Please transcribe the data exactly as shown, skipping the images.

(THE DATA)

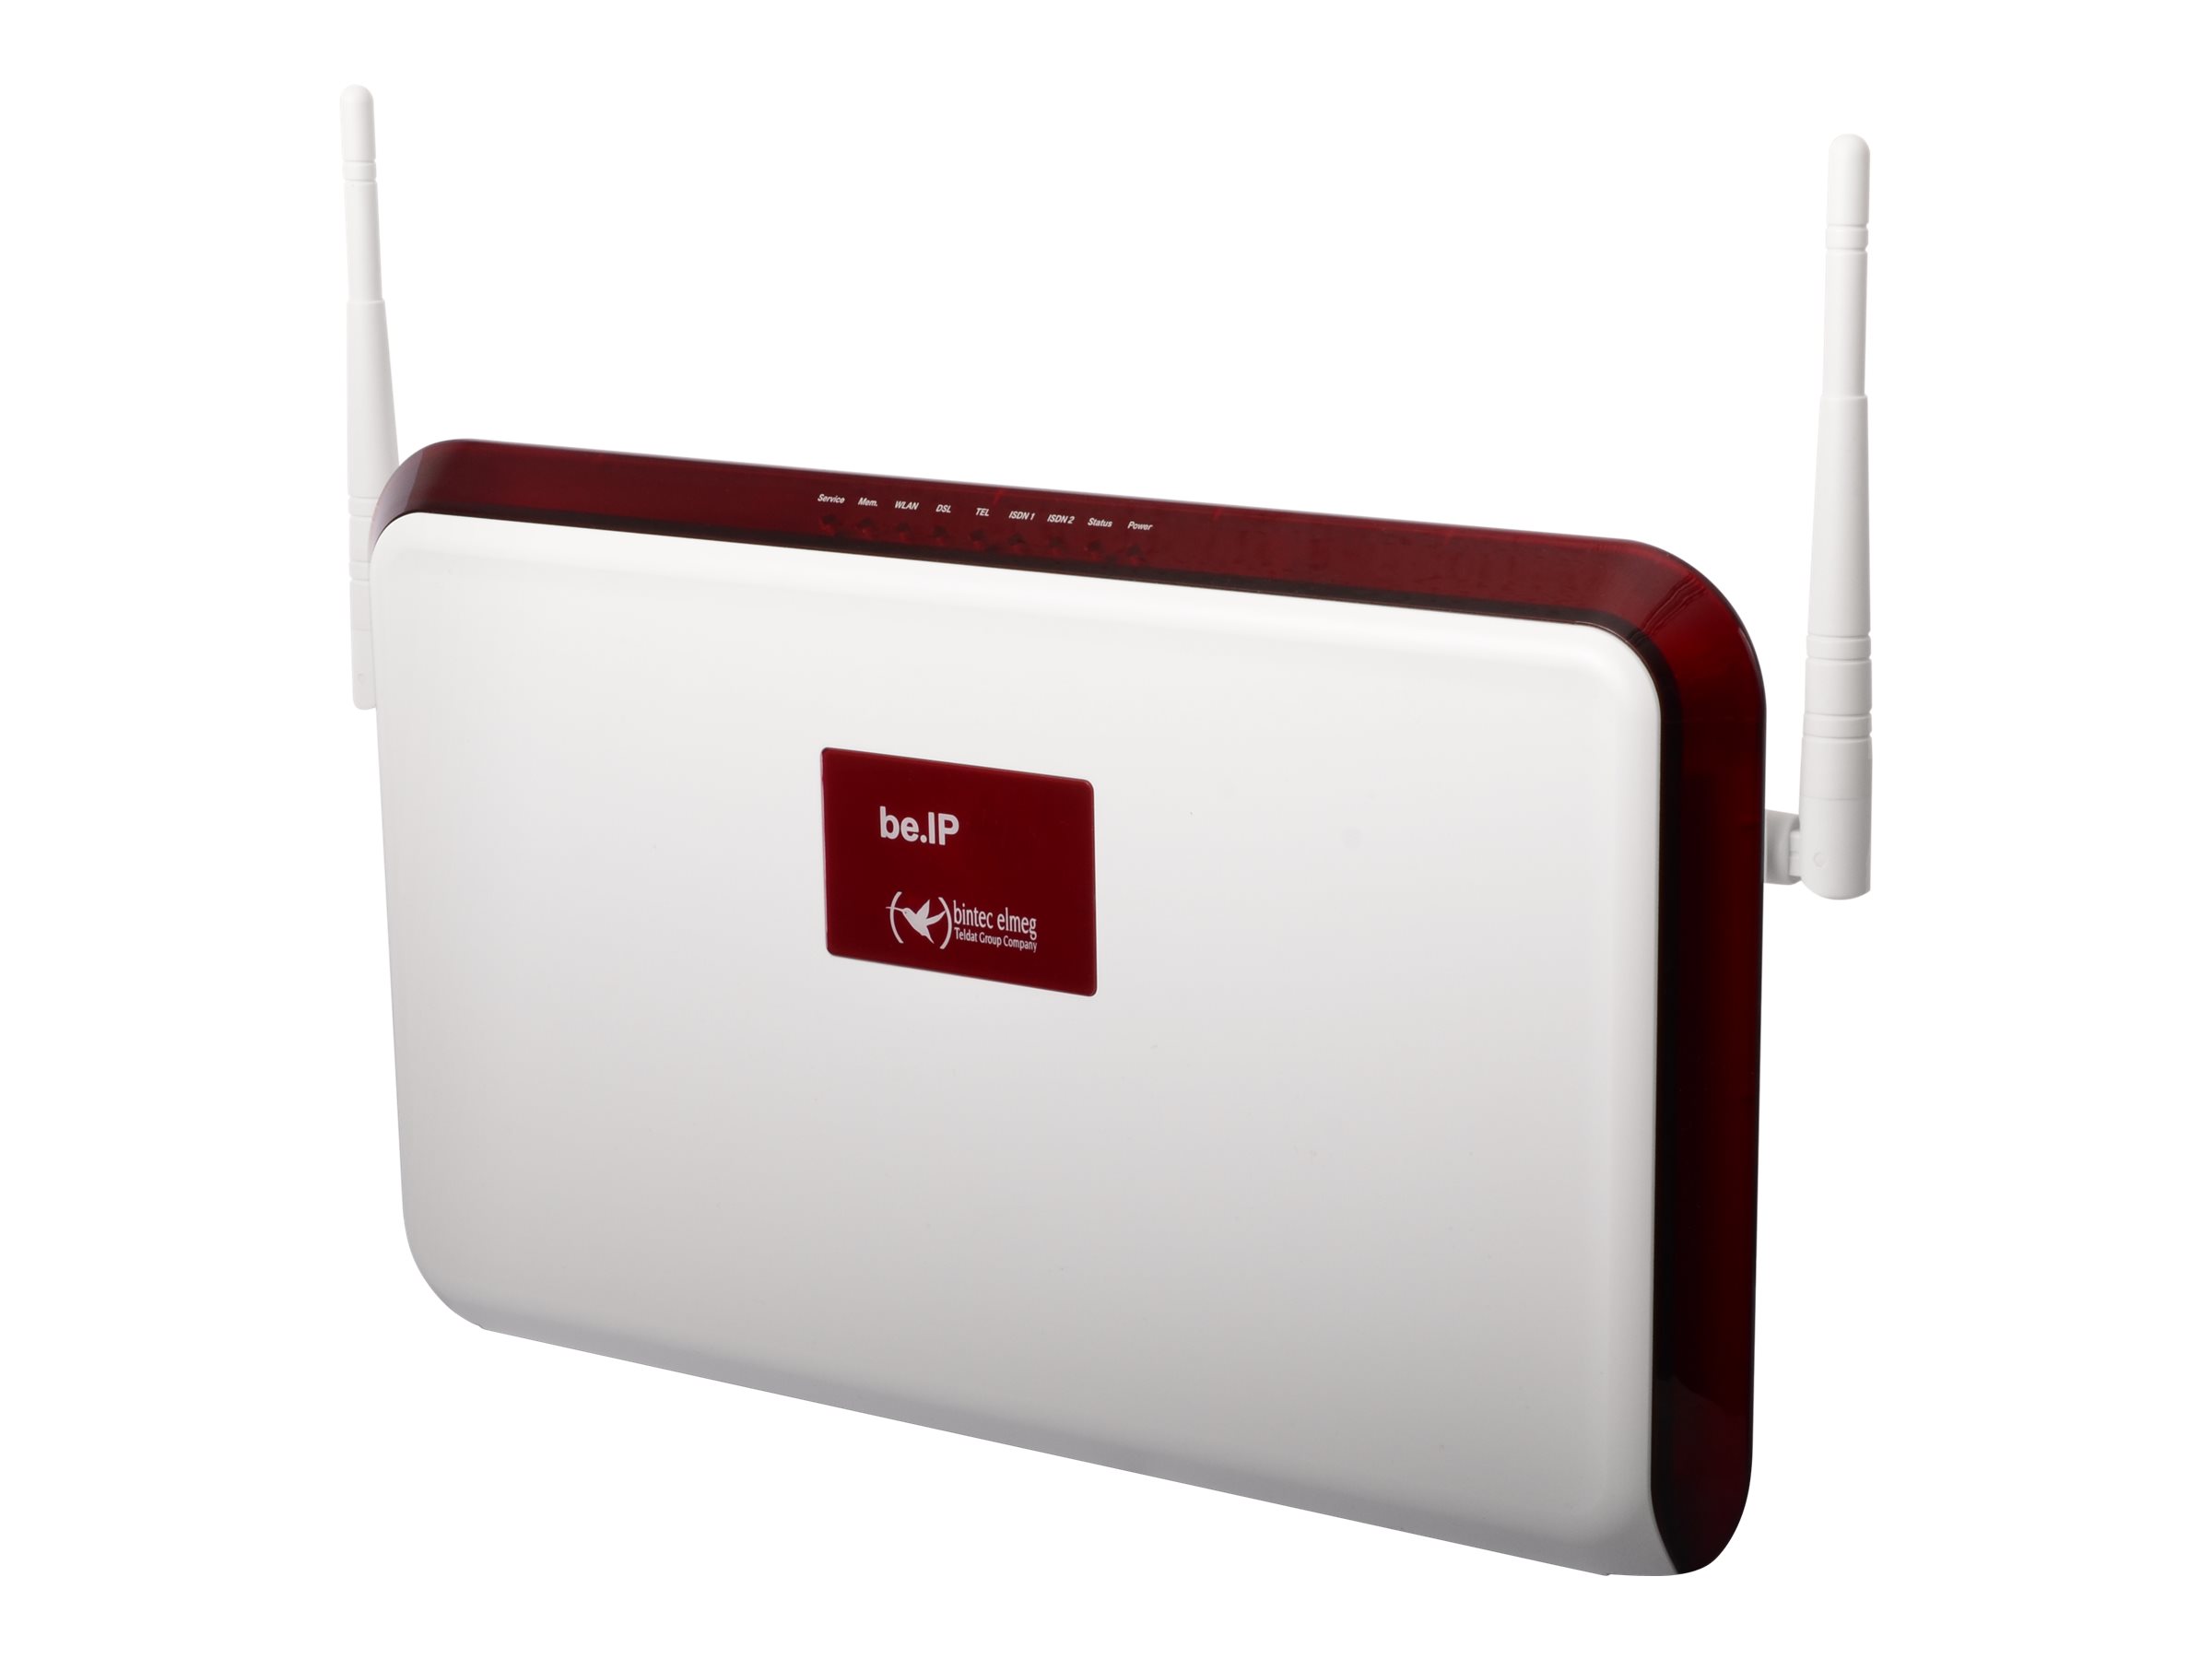 bintec elmeg be.IP - Wireless Router - DSL-Modem - GigE, PPP, MLPPP - WAN-Ports: 4 - Wi-Fi
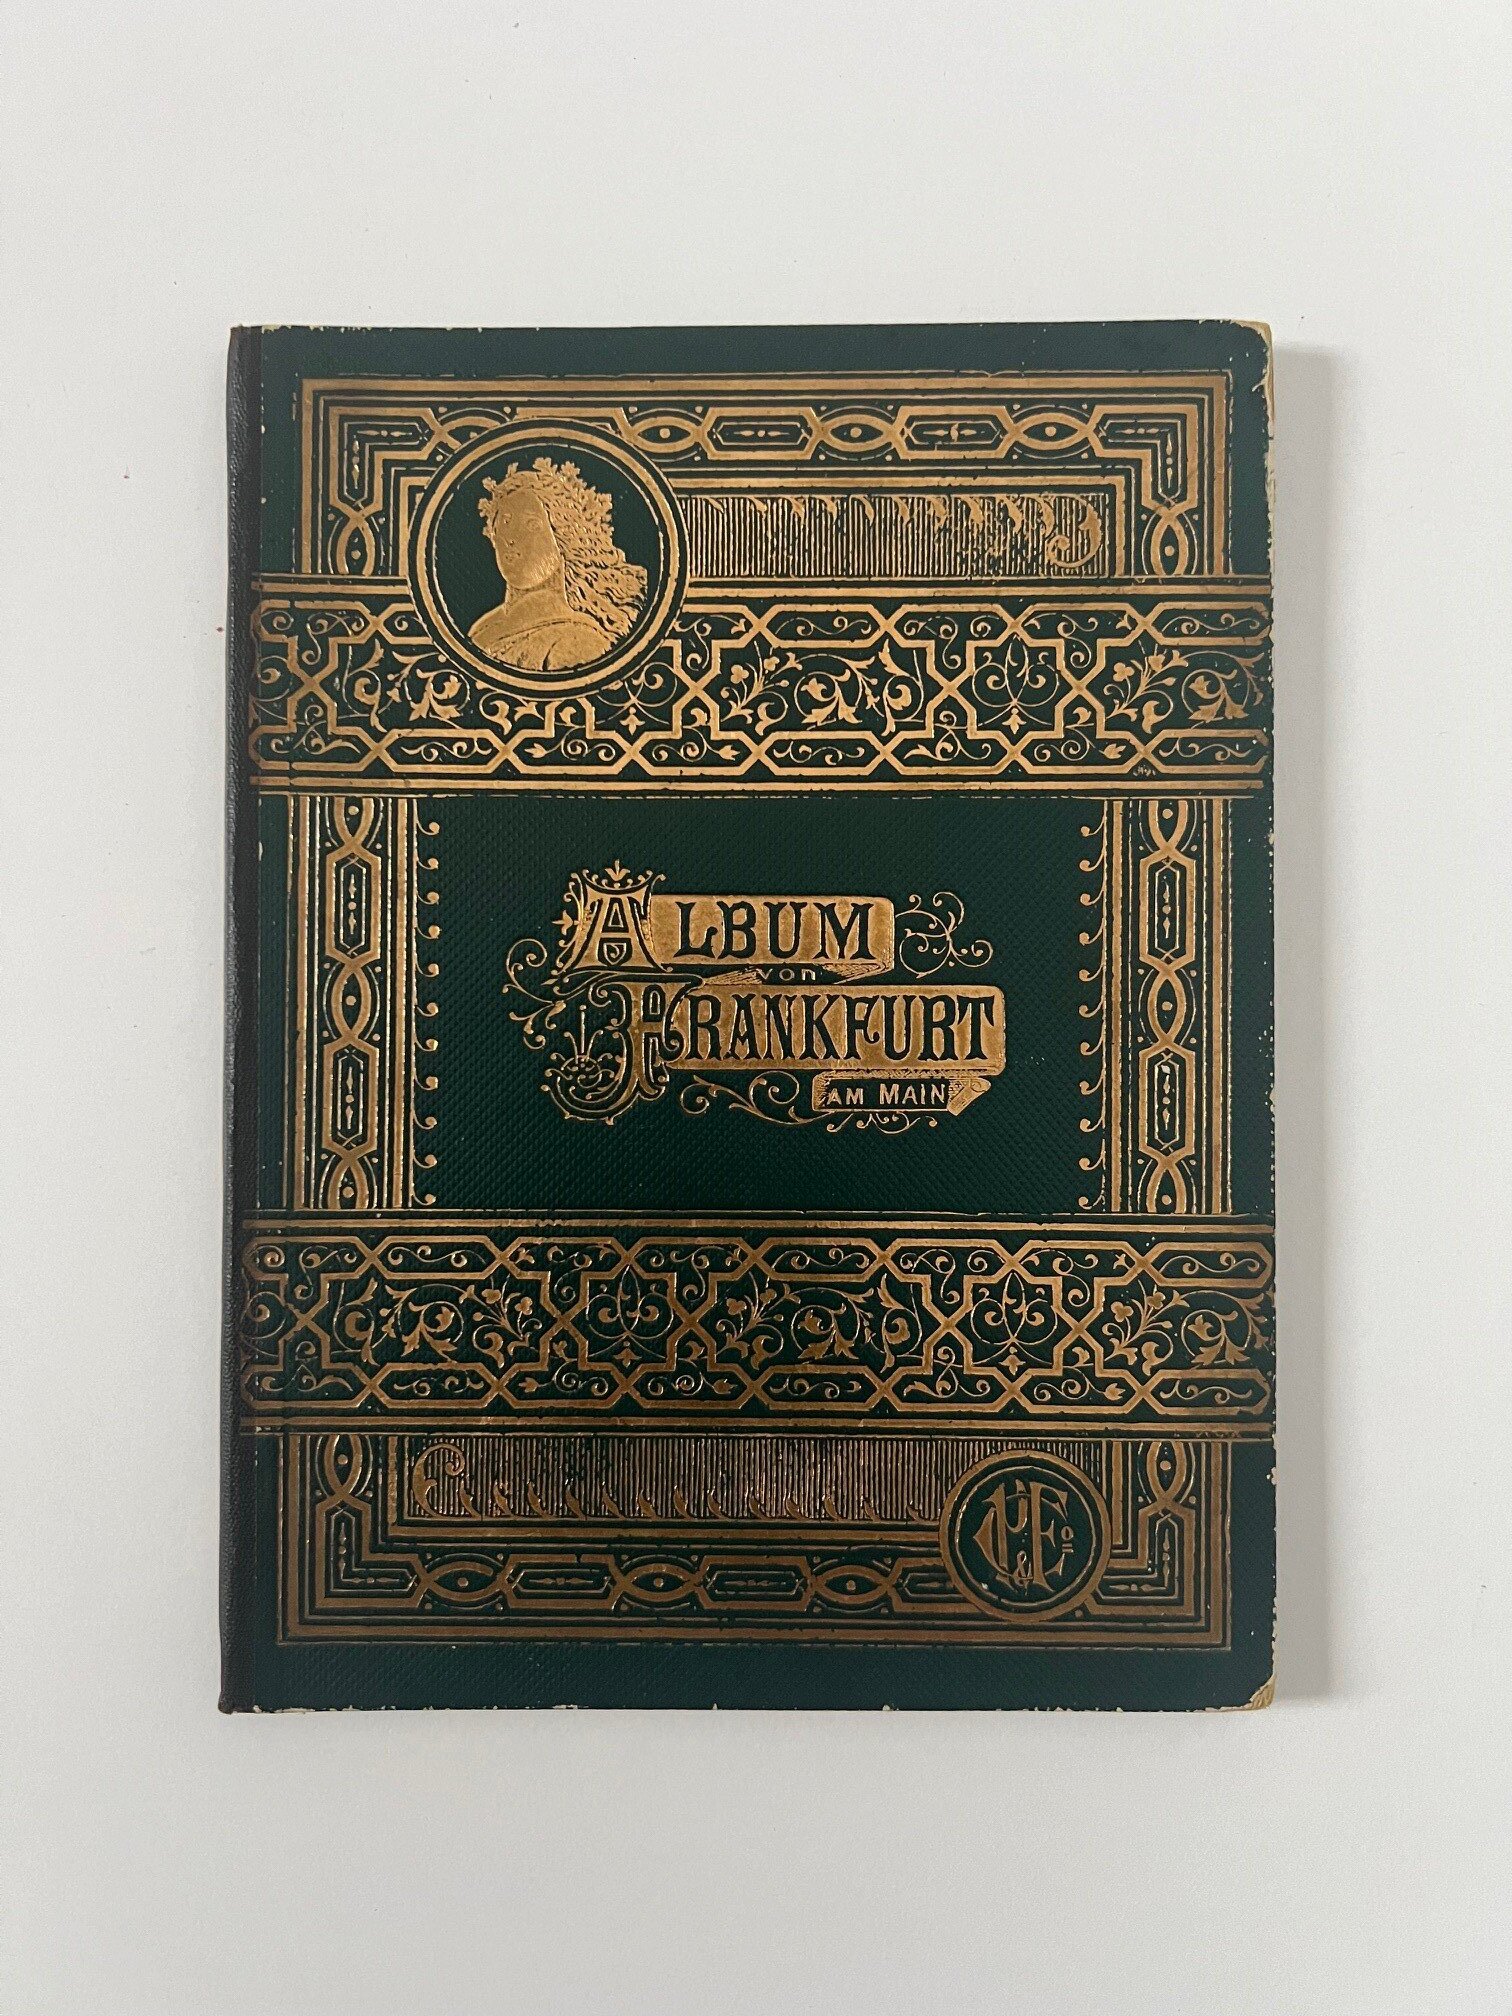 Unbekannter Hersteller, Album von Frankfurt am Main, 31 Lithographien als Leporello, ca. 1890. (Taunus-Rhein-Main - Regionalgeschichtliche Sammlung Dr. Stefan Naas CC BY-NC-SA)
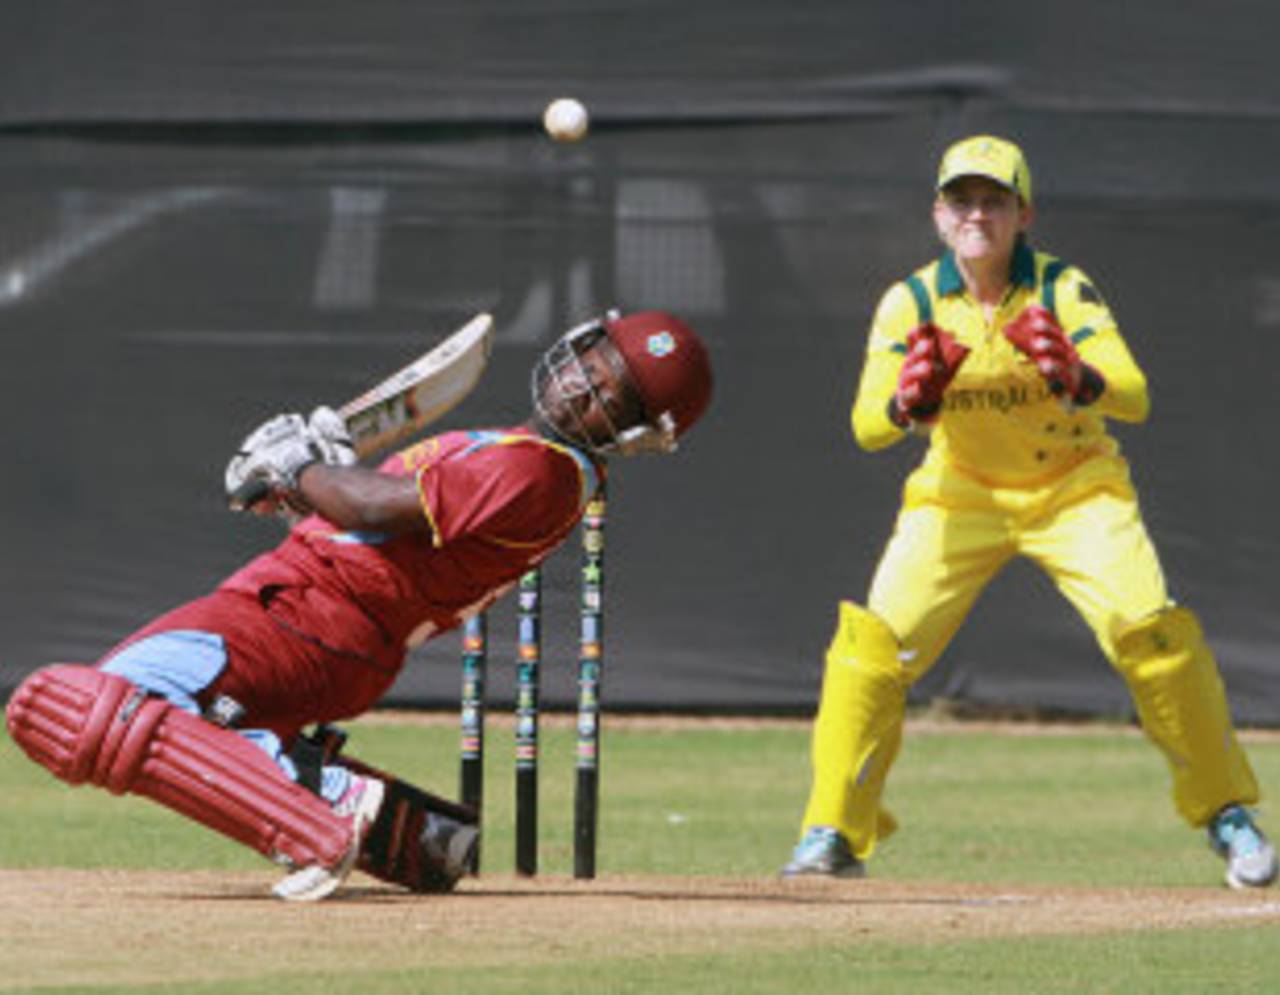 Deandra Dottin ducks under a bouncer, West Indies v Australia, Women's World Cup warm-up match, Mumbai, January 28, 2013

(End THE DATA)

*PROBLEM SOLUTION*:
 bintec elmeg be.IP - Wireless Router - DSL-Modem - GigE, PPP, MLPPP - WAN-Ports: 4 - Wi-Fi
 Unbekannter Hersteller, Album von Frankfurt am Main, 31 Lithographien als Leporello, ca. 1890. (Taunus-Rhein-Main - Regionalgeschichtliche Sammlung Dr. Stefan Naas CC BY-NC-SA)
 Deandra Dottin ducks under a bouncer, West Indies v Australia, Women's World Cup warm-up match, Mumbai, January 28, 2013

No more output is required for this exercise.